Ун бы отдал многое за хладнокровие своих спутников. Пусть пристальное внимание задевало его лишь по касательной, но и этого было слишком много, и он не знал, куда себя деть. Надо было бы уйти, но тогда Текка увязалась бы следом, как же злила эта привязчивость, а за ней увязался бы господин Кел-шин, а за ним, наверняка, потянулись бы и гости. Получилась бы ужасно пошлая комедия. Нет, если он не хотел бросить в грязь последние остатки достоинства своего земляка, ему придется потерпеть.
– Что ты делаешь? – спросила у Текки молодая раанка, сидевшая совсем рядом на покрывале и прятавшаяся от солнца под ажурным зонтиком.
Ведьма, разумеется, не ответила.
– Это просто древний обычай, – сказал Ун, сам не понимая, почему чувствует необходимость сгладить откровенную грубость полураанки. – Она... верит в норнских богов. Там у них много всяких обрядов.
– Так она гадает!– девушка подалась вперед, разглядывая белые осколки, вновь упавшие на платок. – В Вышине есть старая норнская знахарка, она видит будущее! Погадаешь мне?
Ун медленно выдохнул. И куда только его занесло! Эта раанка не выглядела как уроженка какого-нибудь дикого поселка, не было у нее и тяжелого деревенского говора, а все туда же!
– Хм. А это мысль, – господин Кел-шин осторожно коснулся плеча Текки, – нам всем очень интересно, может и правда, погадаешь?

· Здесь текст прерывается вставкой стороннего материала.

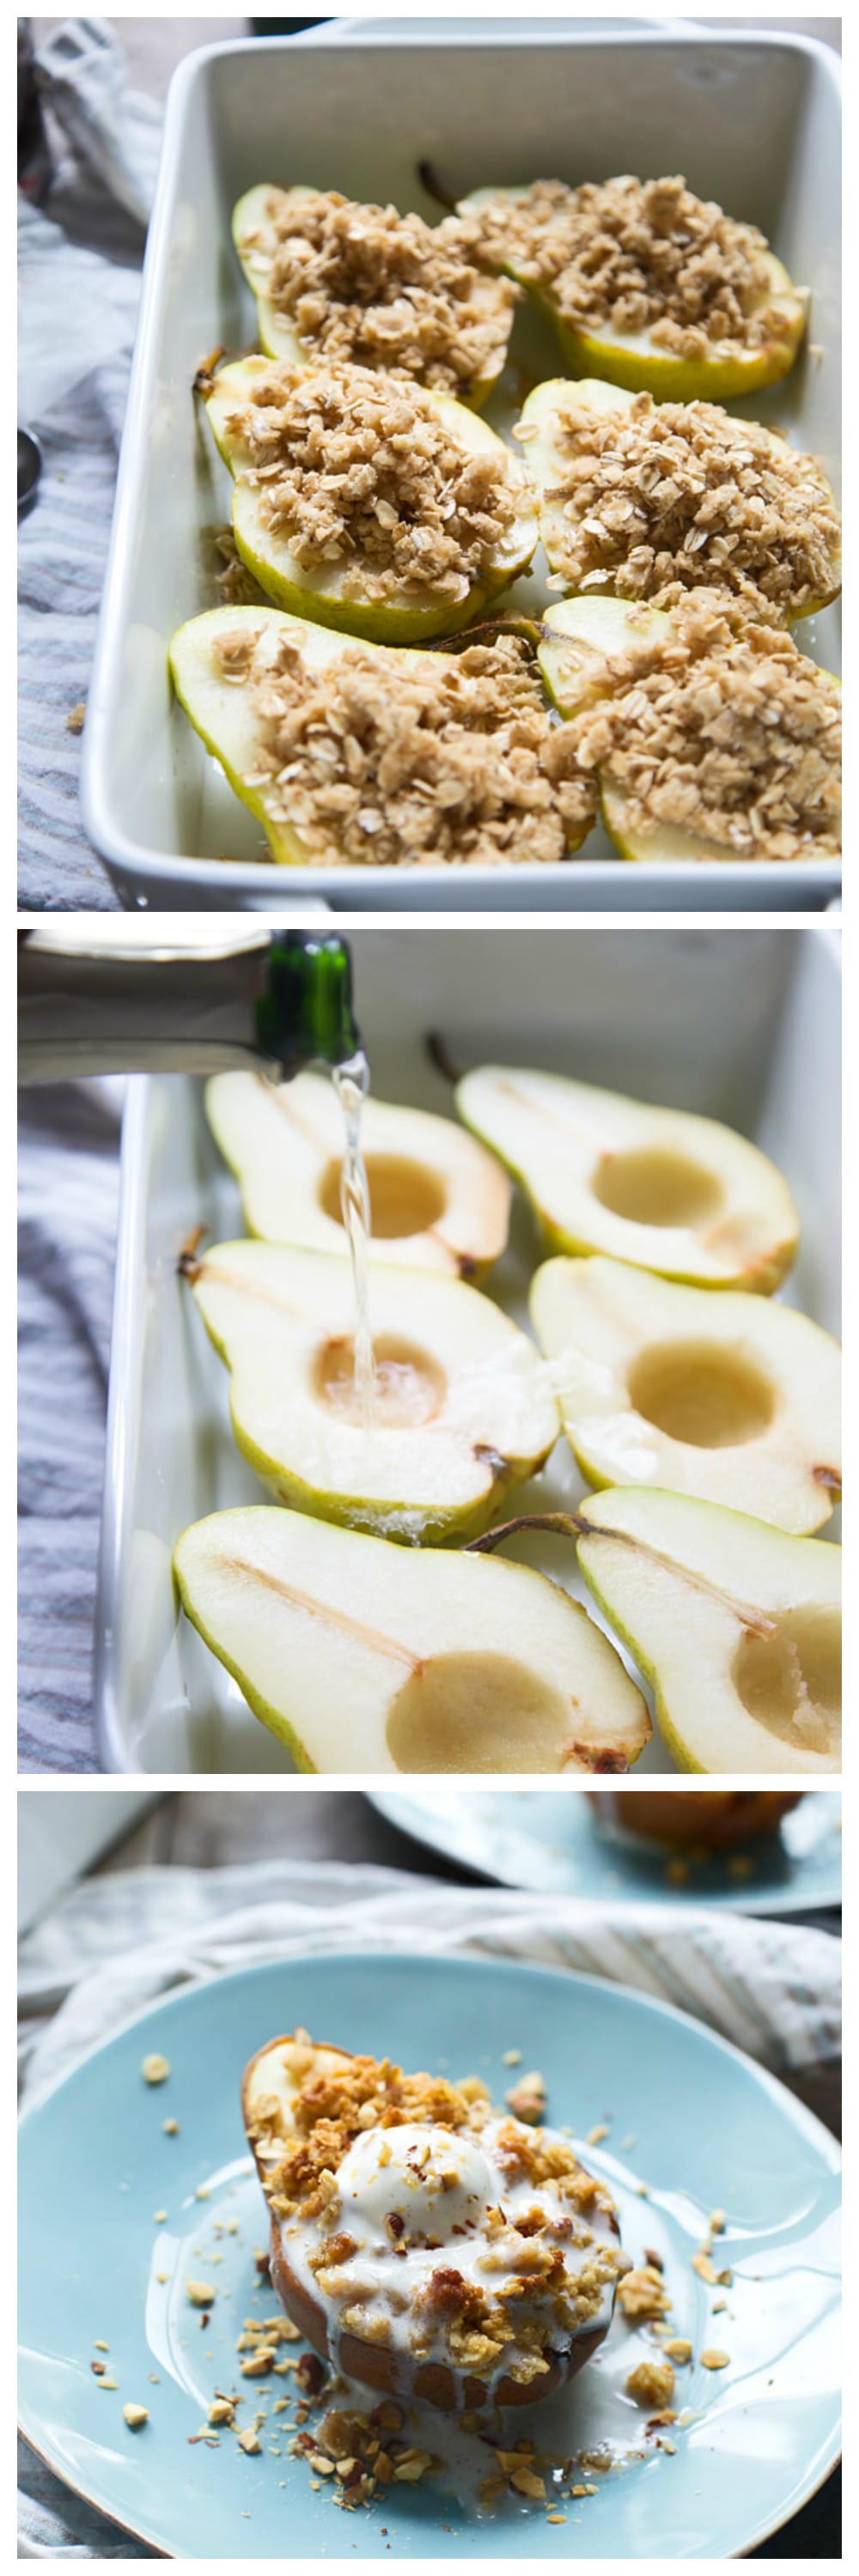 Baked Champagne Pears with Oat Almond Crumble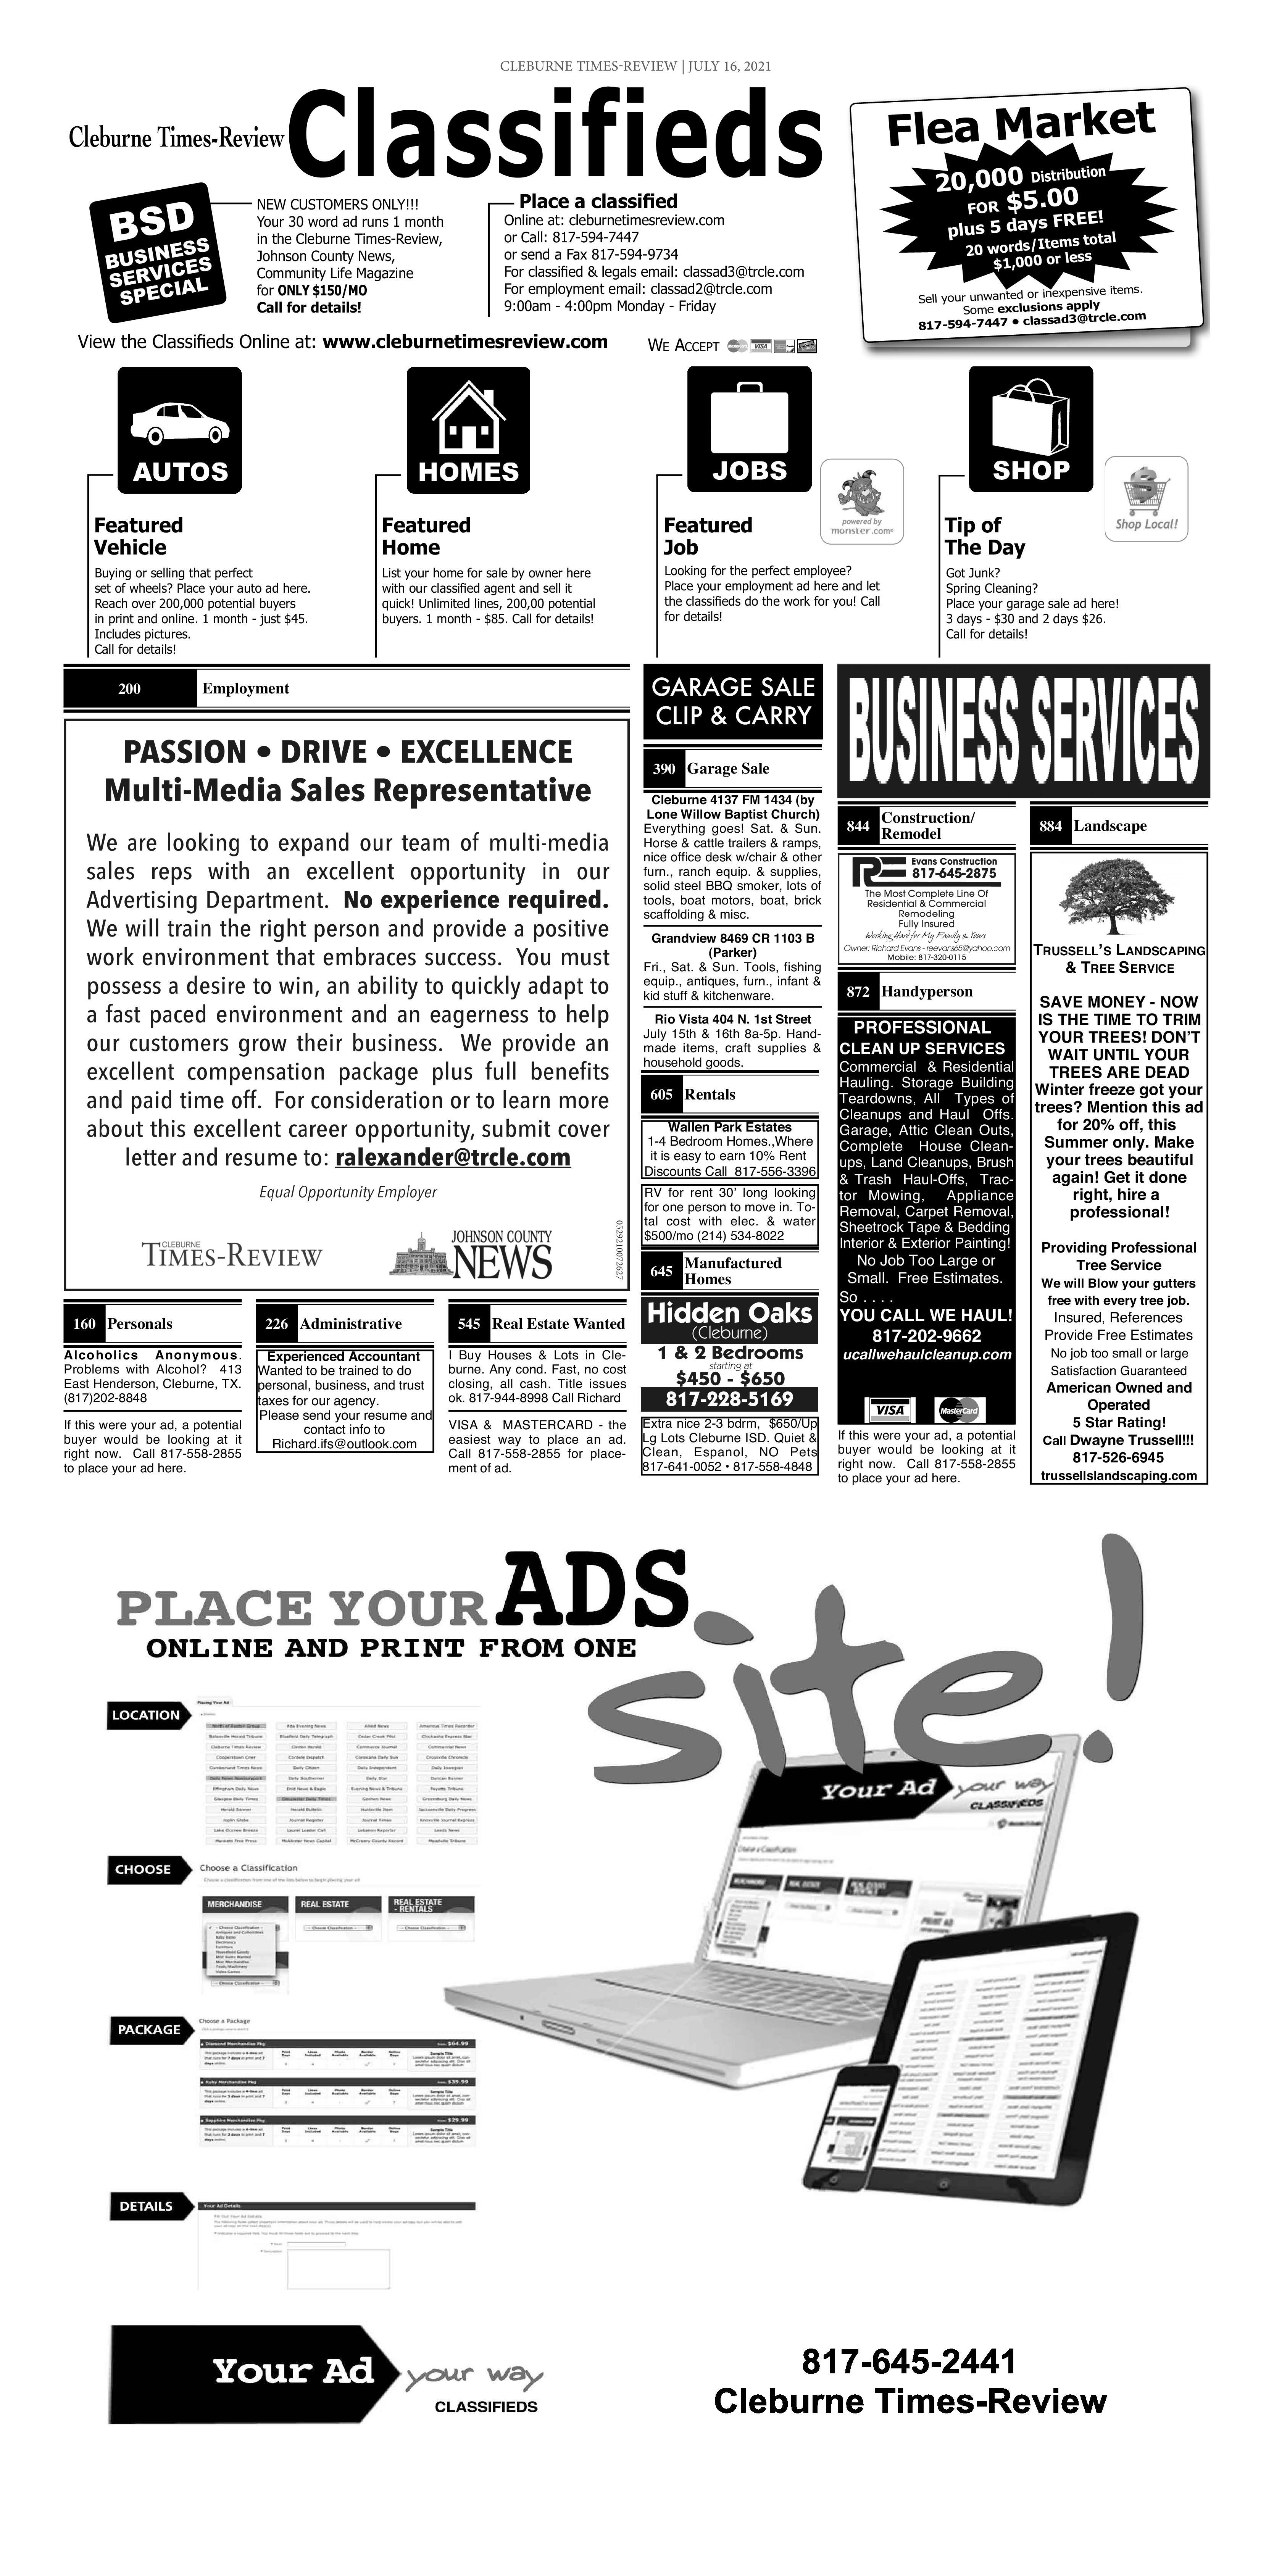 Cleburne Times Review Newspaper Ads Classifieds Employment Cleburne Times Review Classifieds [ 6750 x 3338 Pixel ]

– Она не может, – Ун нахмурился, припоминая, что она там ему рассказывала давным-давно, – у них по традиции нельзя...
– Хорошо, – Текка перебила его и посмотрела прямо в глаза господину Кел-шину. Тот сначала удивился, даже подался назад, но быстро взял себя в руки и снова заулыбался. – Я попрошу Повелителя указать тебе путь. Но только тебе.
Рааны вокруг разочарованно зашептались, но очень скоро это разочарование растворились без следа, уступив любопытству. Ничего примечательного, разумеется, не случилось. Текка собрала резные осколки, встряхнула их в сложенных ладонях, точно игральные кости, и бросила на платок. Никаких заклинаний, никакого загадочного пения. И все же зеваки продолжали неотрывно смотреть на ведьму – странное платье, длинная грива, почти скрывавшая ее ото всех, и отстраненная манера держаться делали свое дело. Те несколько минут, что она «читала знаки», остальные гости напряженно молчали.
Наконец Текка выпрямилась и посмотрела куда-то сквозь господина Кел-шина.
– Мой Повелитель услышал твою мольбу, дитя топей, – голос ее был спокоен, – и он дал ответ. Он ведает, что предстоит сделать рожденным в Мертвом мире. Так слушай Его волю: ты должен вернуться домой.
Еще с минуту господин Кел-шин ждал, что она продолжит свое предсказание, а когда стало окончательно ясно, что этого не будет, засмеялся:
– Хорошая попытка! Но во всех приличных домах Столицы знают, что от меня не так-то легко избавиться!
Теперь уже вместе с господином Кел-шином смеялись и остальные, а у Уна холодок пробежал по спине от взгляда, которым ведьма смотрела на высокородного. В нем не было ни желания пошутить, ни желания убедить в чем-то, ни даже раздражения тем, что слова ее не восприняли всерьез. Там гнездились только непоколебимая уверенность в собственных словах.
«Полчаса назад она боялась кошачьего чучела», – это короткое напоминание помогло Уну прийти в себя.
Тем временем, поняв, что от ведьмы больше не добиться ничего интересного, гости наперебой принялись рассказывать о своих прежних встречах с провидцами и знахарями, которых на юге, похоже, водилось в избытке. Раанов и полураанов вокруг становилось все больше, откуда-то появились слуги, начали расспрашивать, не желают ли господа вина или закусок. Ун с облегчением почувствовал, что наконец-то и он, и Текка снова растворились в толпе, став лишь незначительным фоном для господина Кел-шина.
Ун наслаждался собственной незначительностью и тем фактом, что больше не должен ни с кем говорить и делать вид, будто ему здесь очень нравится. Он даже смог ненадолго вздремнуть, привалившись спиной к зеленой изгороди. А потом кто-то очень громко сказал:
– О нет, идет!
Волна шепотков была оглушительной. Ун протер глаза, пытаясь спросонья сообразить, что происходит. Гости смотрели в сторону главной аллеи, потом те, кто стоял, начали расступаться, пропуская вперед какого-то старика.